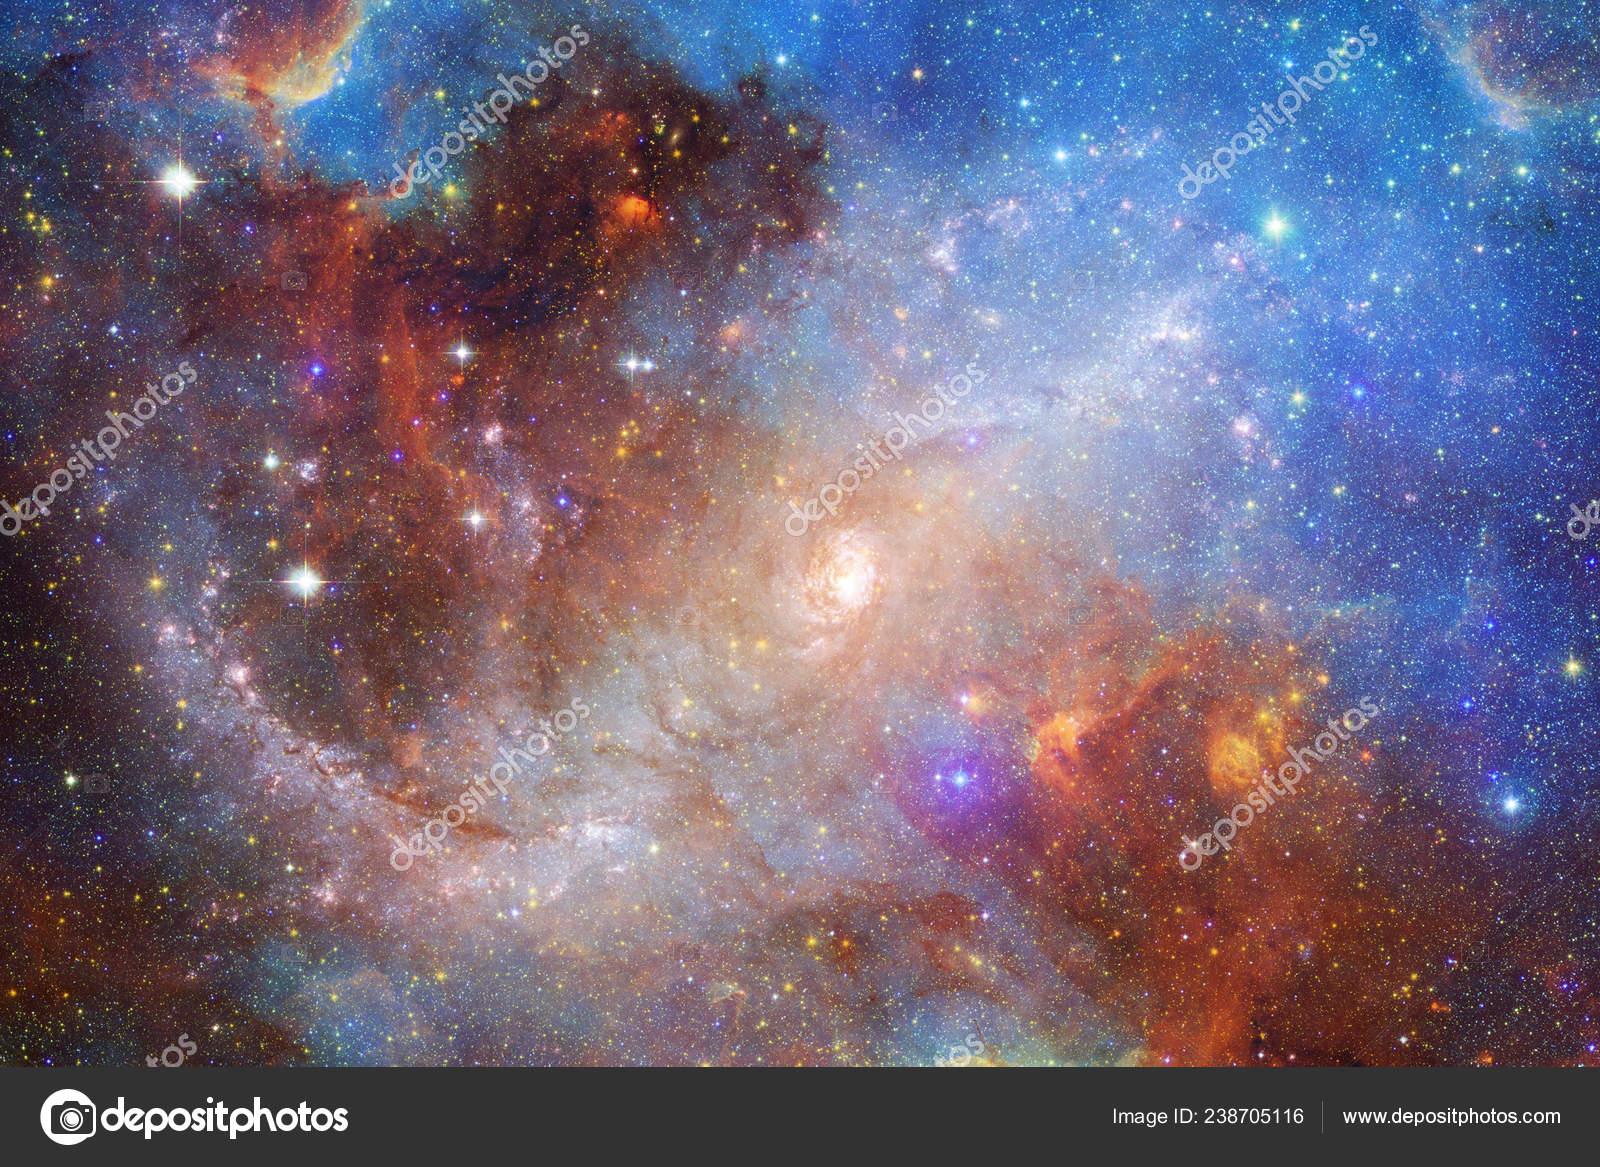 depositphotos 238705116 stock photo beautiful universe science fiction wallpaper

--

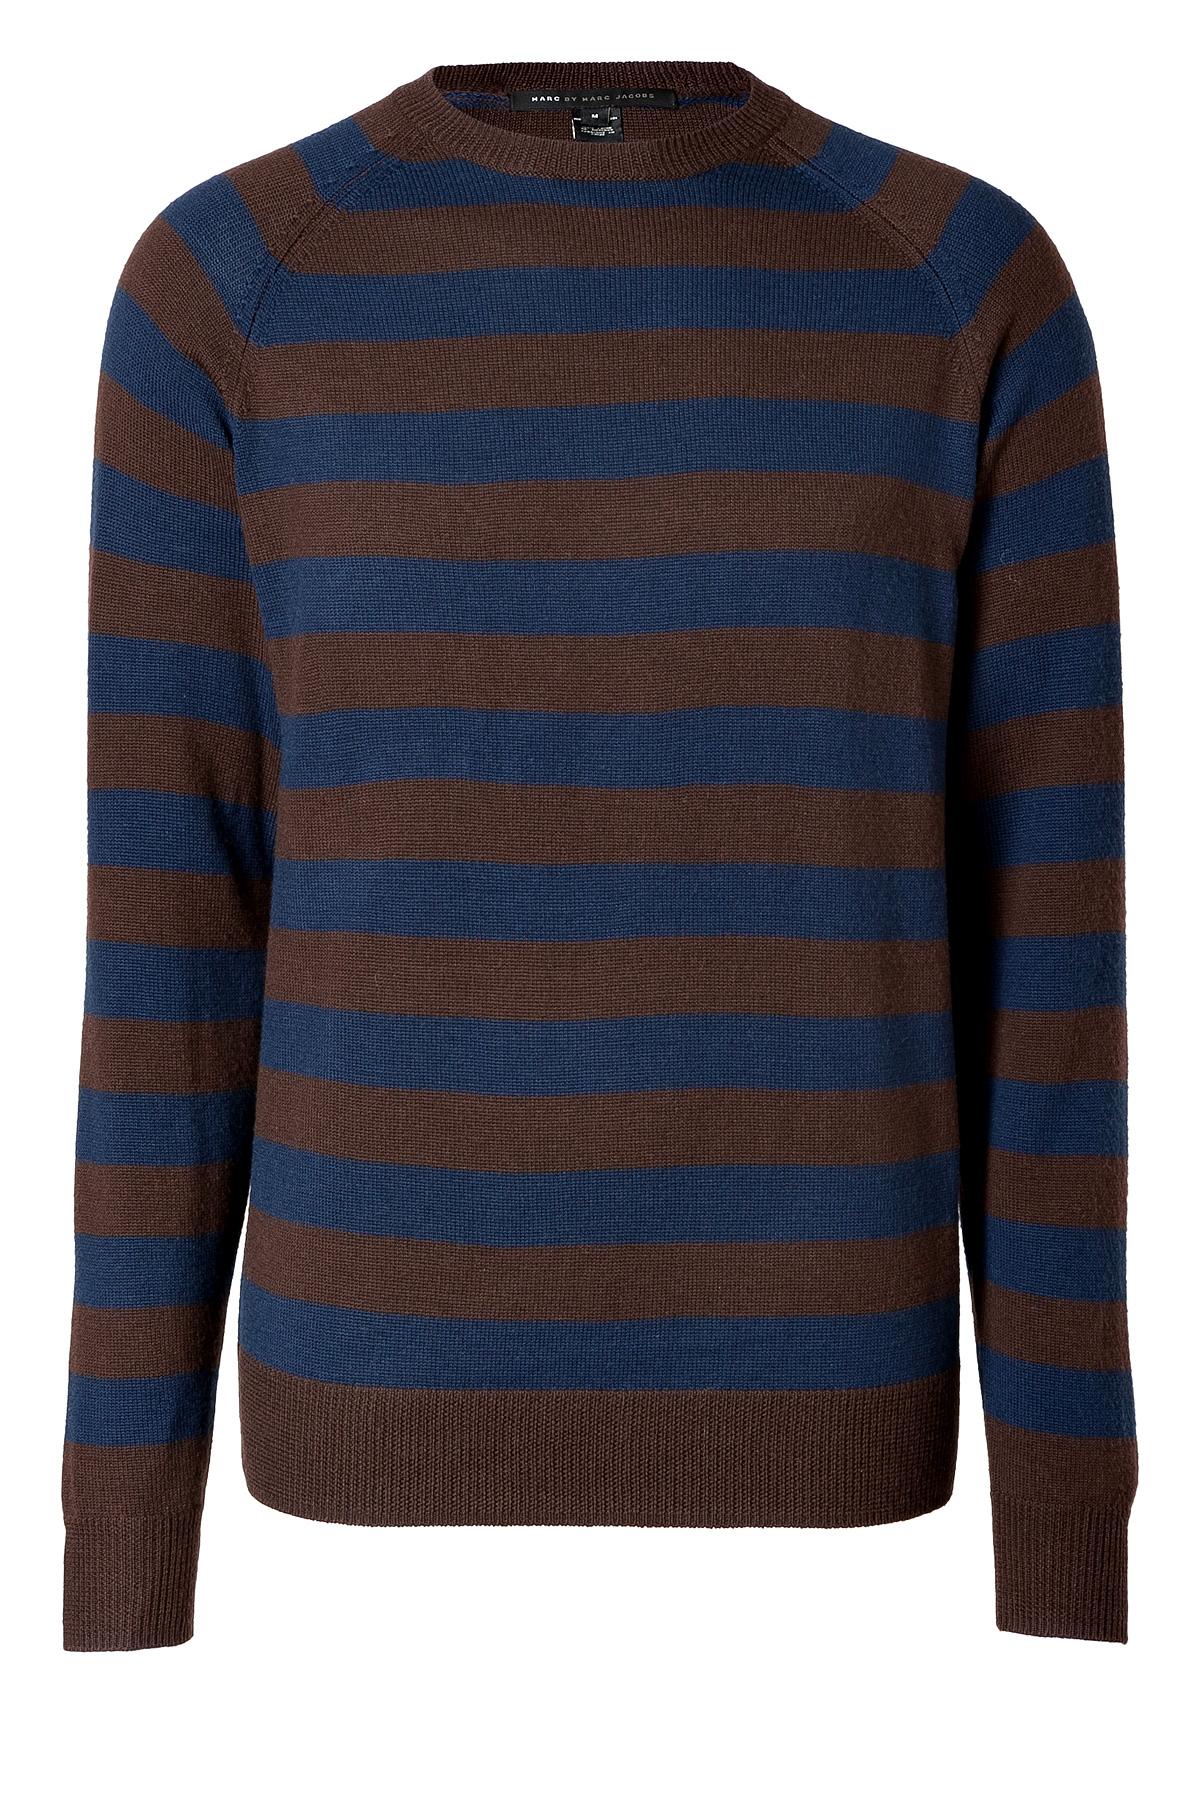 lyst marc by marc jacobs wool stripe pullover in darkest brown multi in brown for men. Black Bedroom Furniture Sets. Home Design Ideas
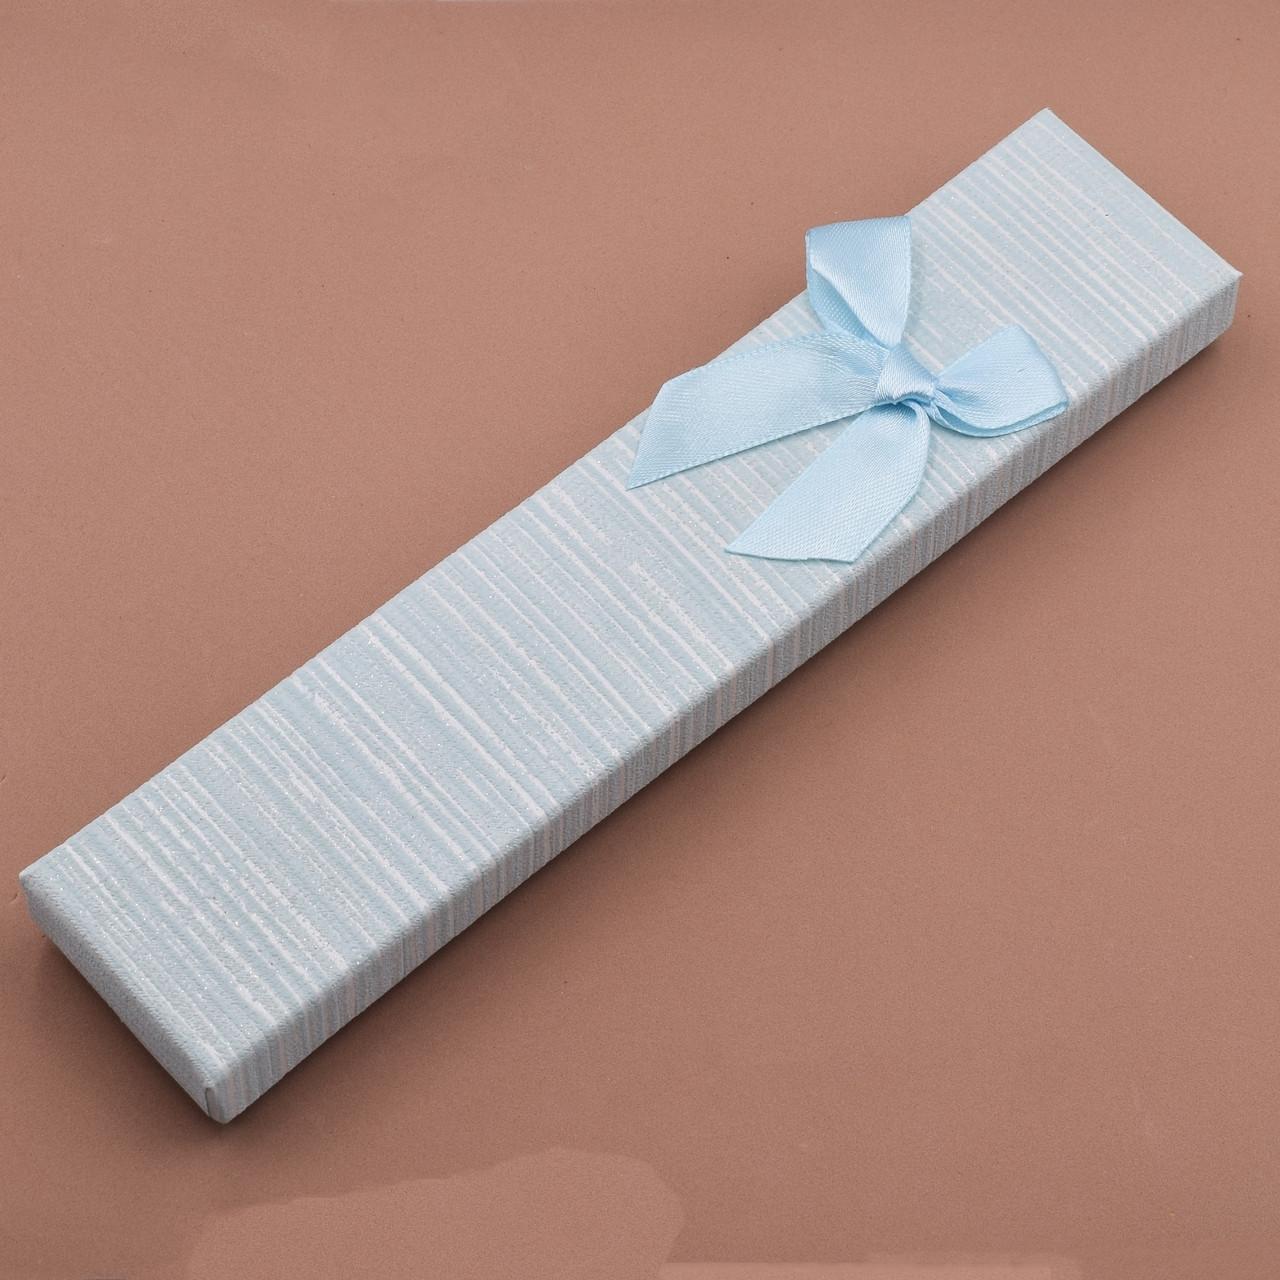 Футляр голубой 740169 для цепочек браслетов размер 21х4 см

...

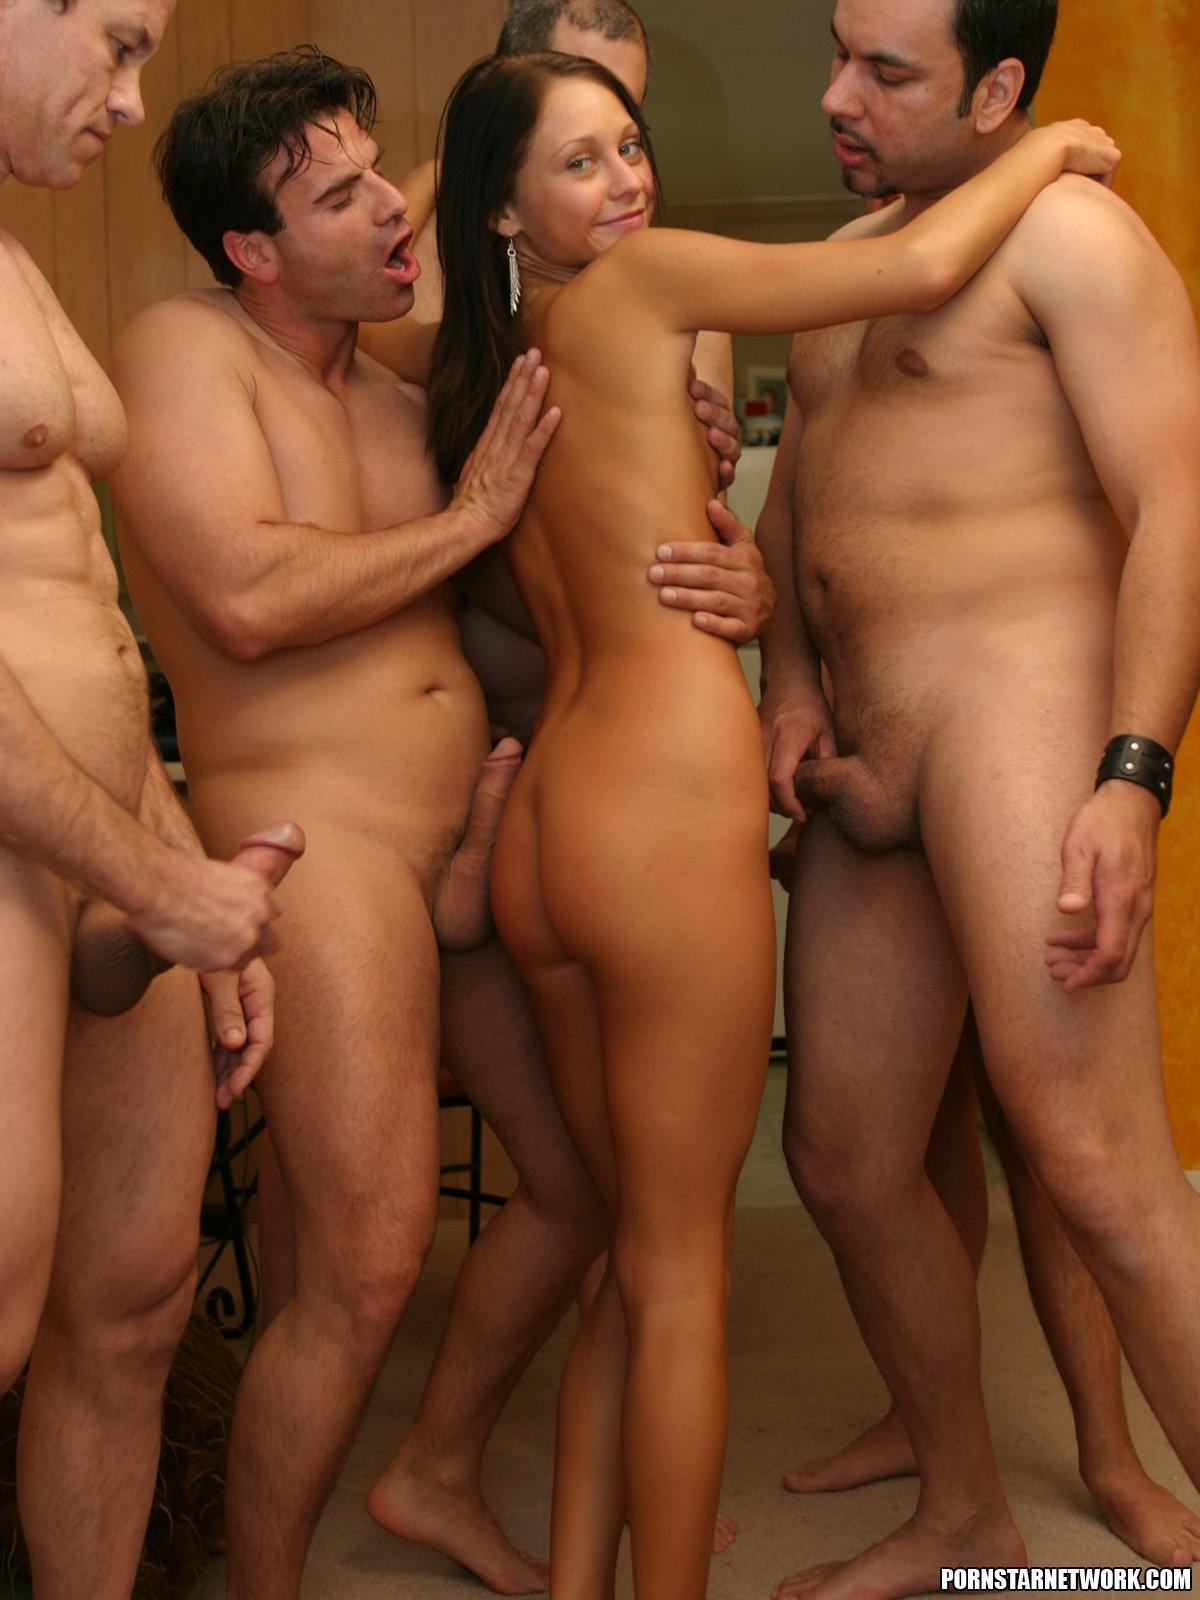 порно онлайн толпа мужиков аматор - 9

[WORK REQUIRED]: Among the entries above, take the lines from the one with "lyst marc by" through the one with "Футляр голубой 740169" and retype them exactly, leaving out the pictures.

[EXERCISE RESULT]:
 lyst marc by marc jacobs wool stripe pullover in darkest brown multi in brown for men. Black Bedroom Furniture Sets. Home Design Ideas
 Футляр голубой 740169 для цепочек браслетов размер 21х4 см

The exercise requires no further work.